This book is primarily intended to serve as a research-based textbook on sustainable supply chains for graduate programs in Business, Management, Industrial Engineering, and Industrial
Ecology, but it should also be of interest for researchers in the broader sustainable supply chain space, whether from the operations management and industrial engineering side or more from
the industrial ecology and life-cycle assessment side.

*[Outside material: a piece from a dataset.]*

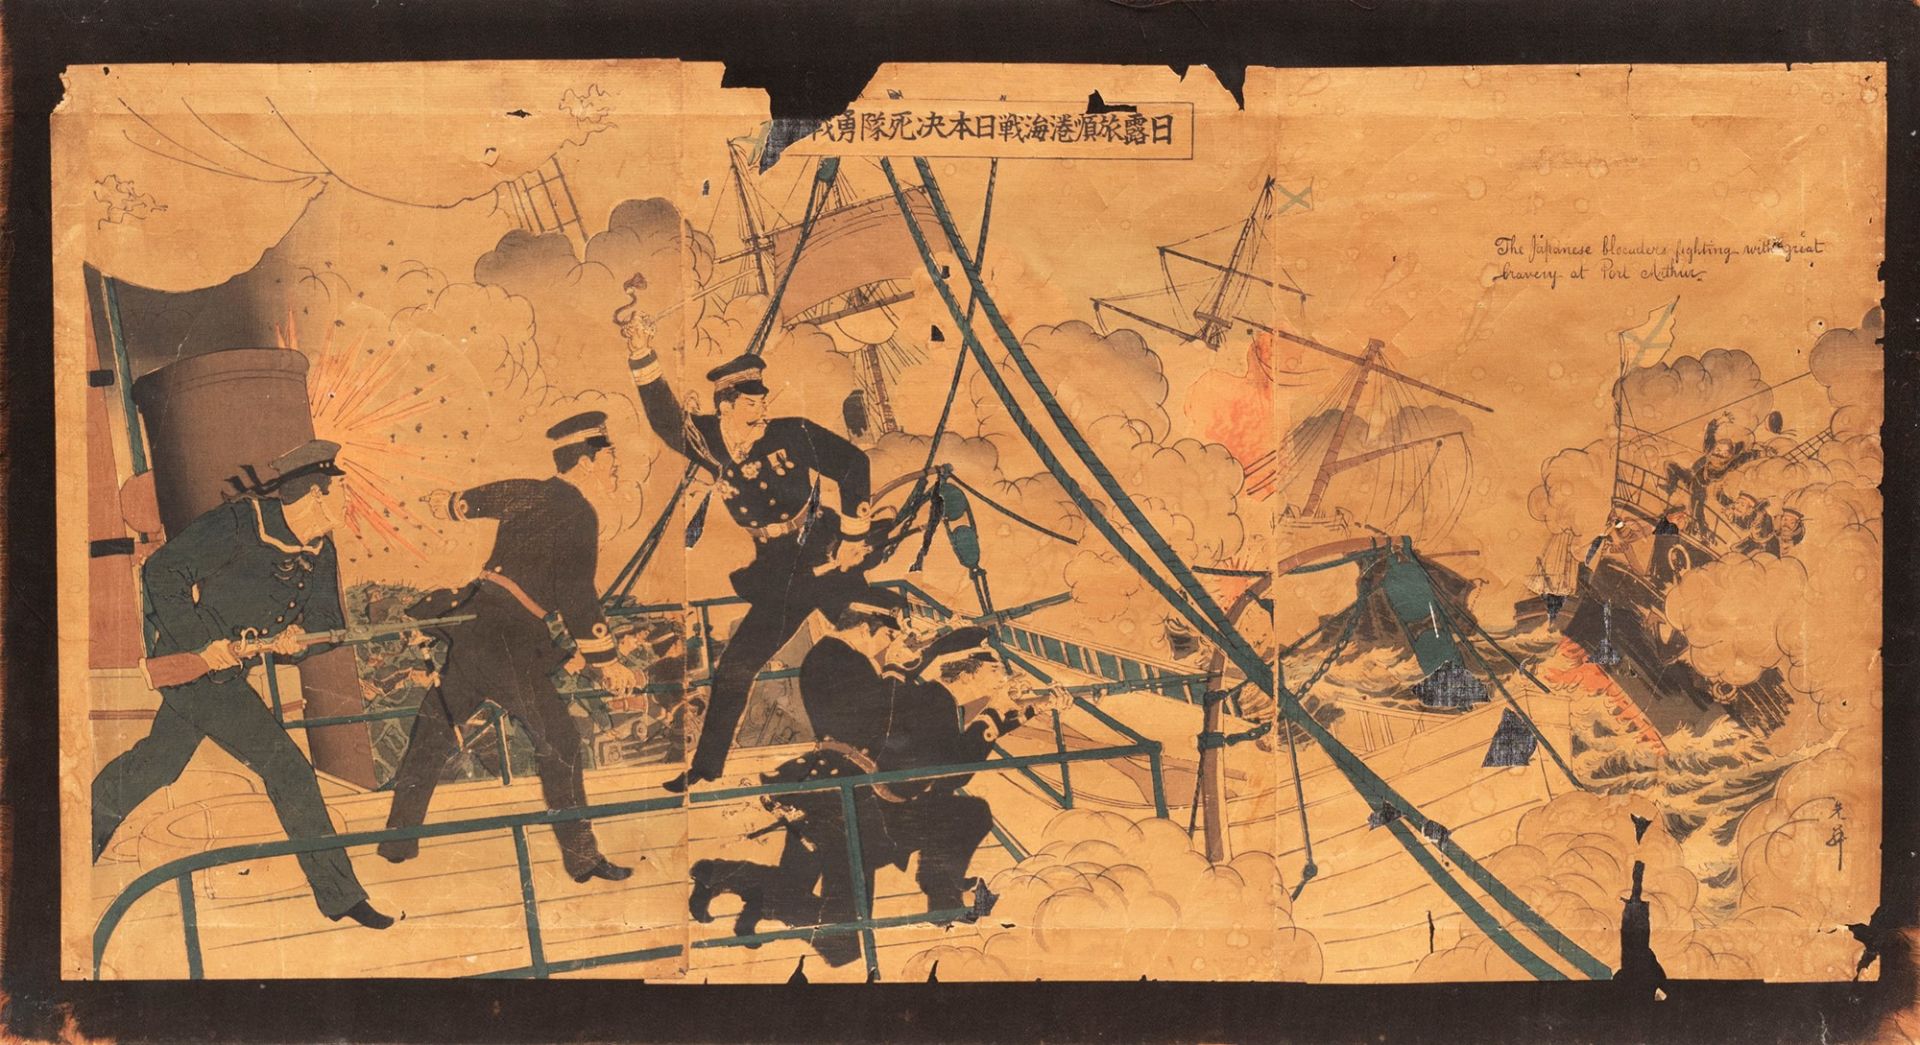 Four prints depicting battle scenes, Japan, early 20th century - Image 7 of 8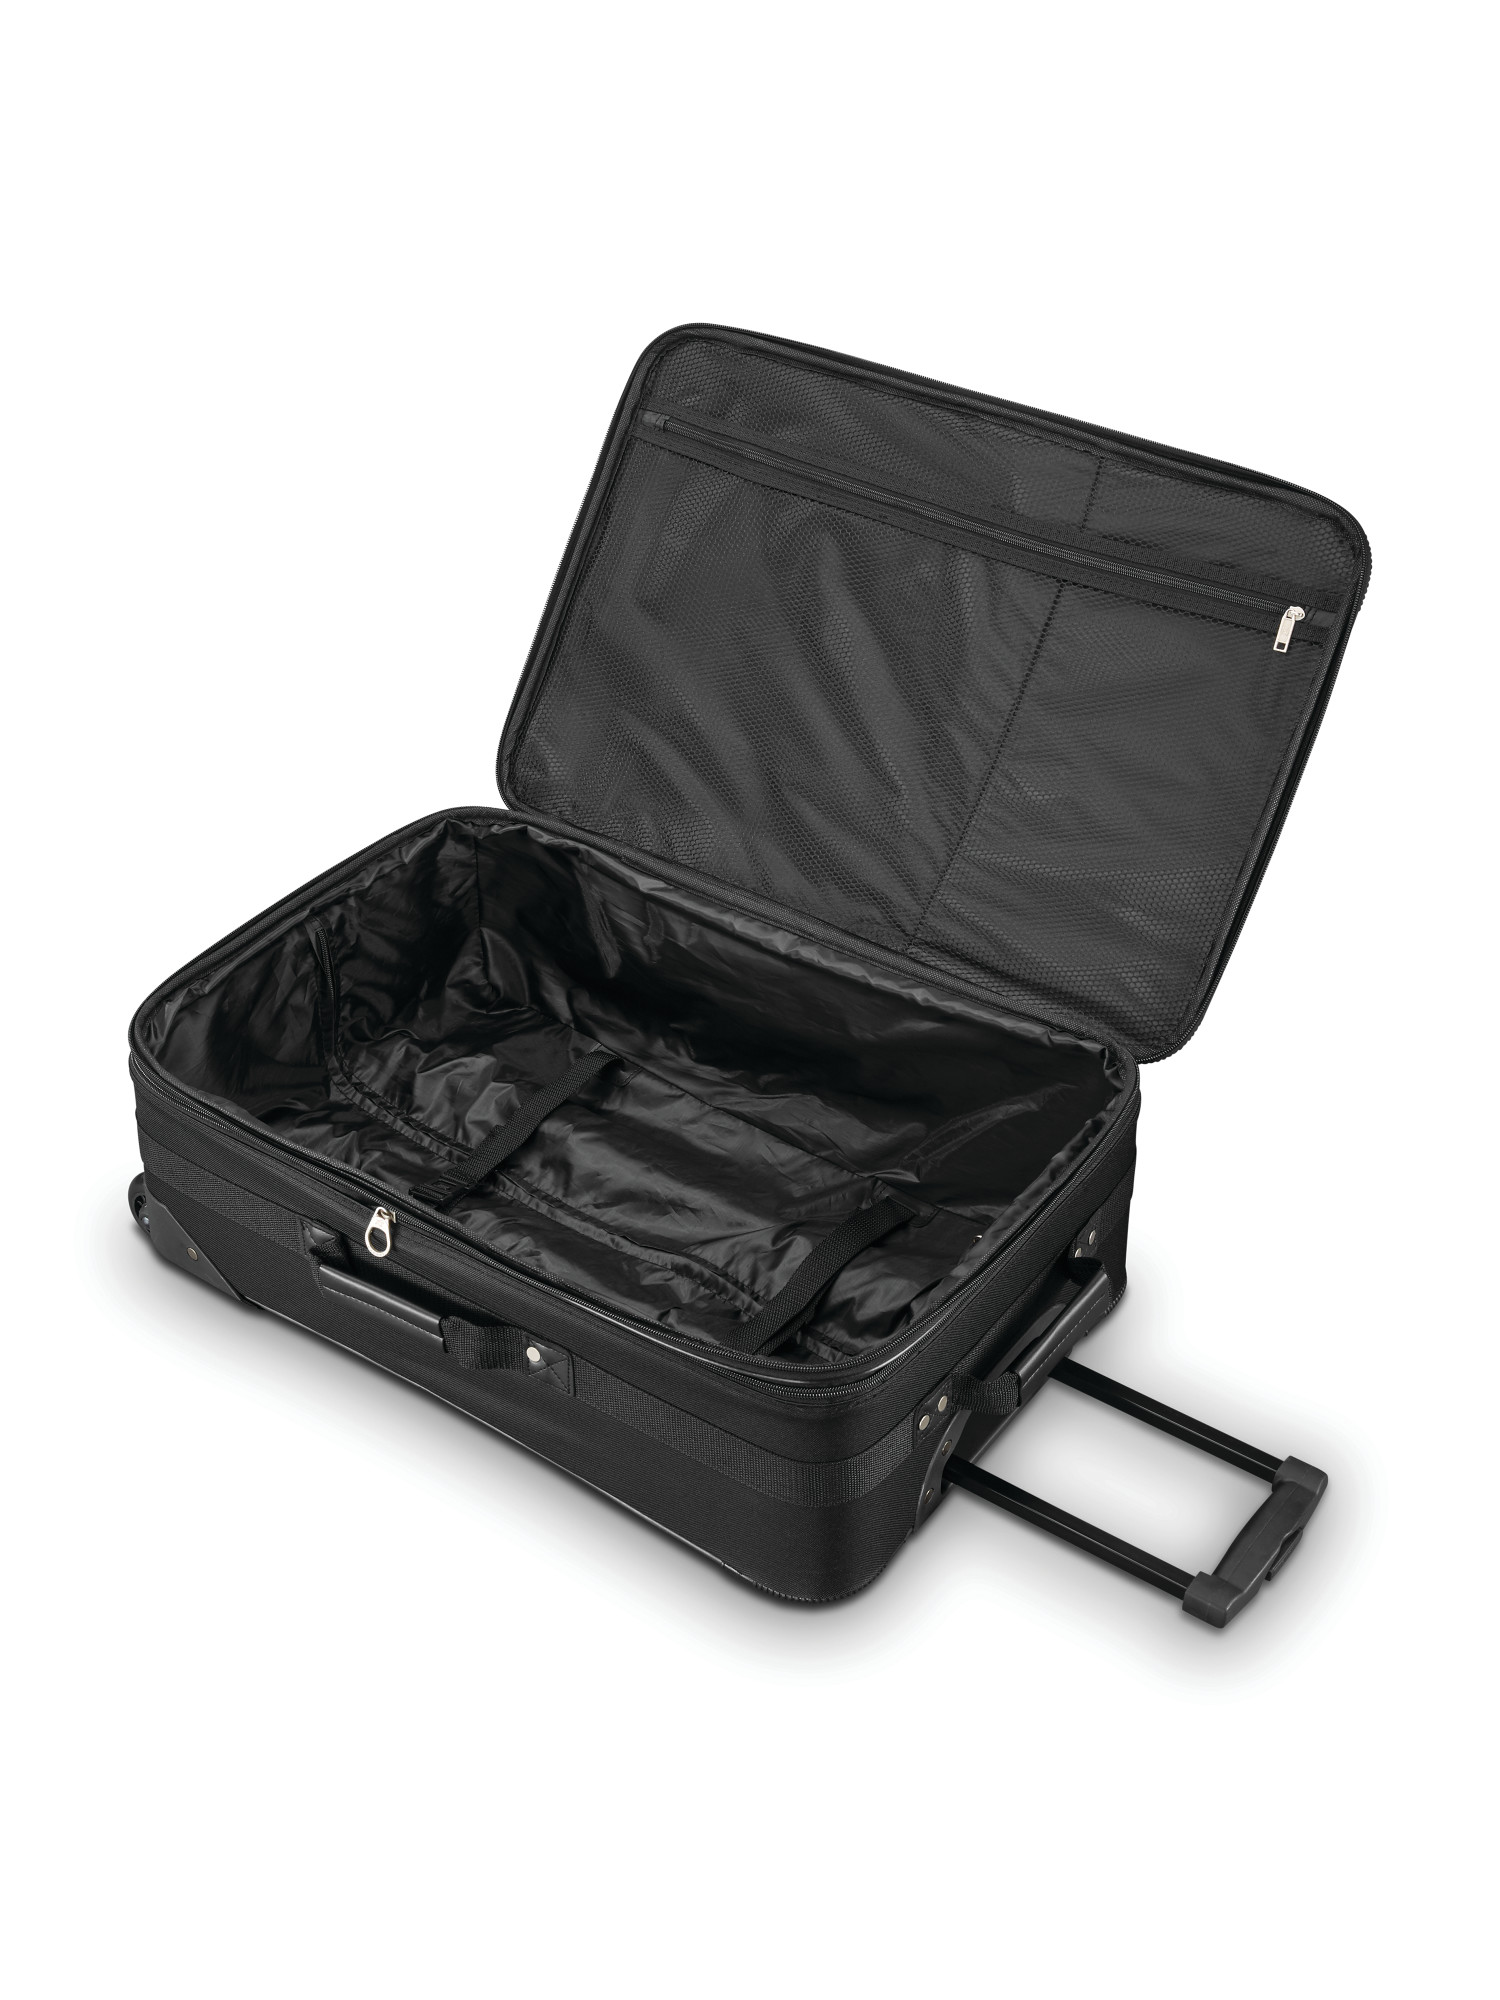 American Tourister Brewster 3 Piece Softside Luggage Set - image 9 of 9

As firms become progressively more tightly coupled in global supply chains, rather than being large vertically integrated monoliths, risks and opportunities associated with activities
upstream or downstream will increasingly impinge upon their own wellbeing. For a firm to thrive, it is increasingly imperative that it be aware of economic, environmental and social
dimensions of the entire supply chain it belongs to, and that it proactively monitor and manage those. Finding efficient solutions towards a more sustainable supply chain is increasingly
important for managers, but clearly this raise difficult questions, often without clear answers. This book aims to provide insights into these kinds of questions for students and
practitioners, based on the latest academic research.
We have noticed a recent surge in the number of courses on “sustainable supply chain management” or related topics, but a relative lack of corresponding teaching materials. While
sustainability has been widely studied at the level of company strategy and extensive related pedagogical materials exist, there is still a relative lack of materials on sustainability with
a supply chain management perspective.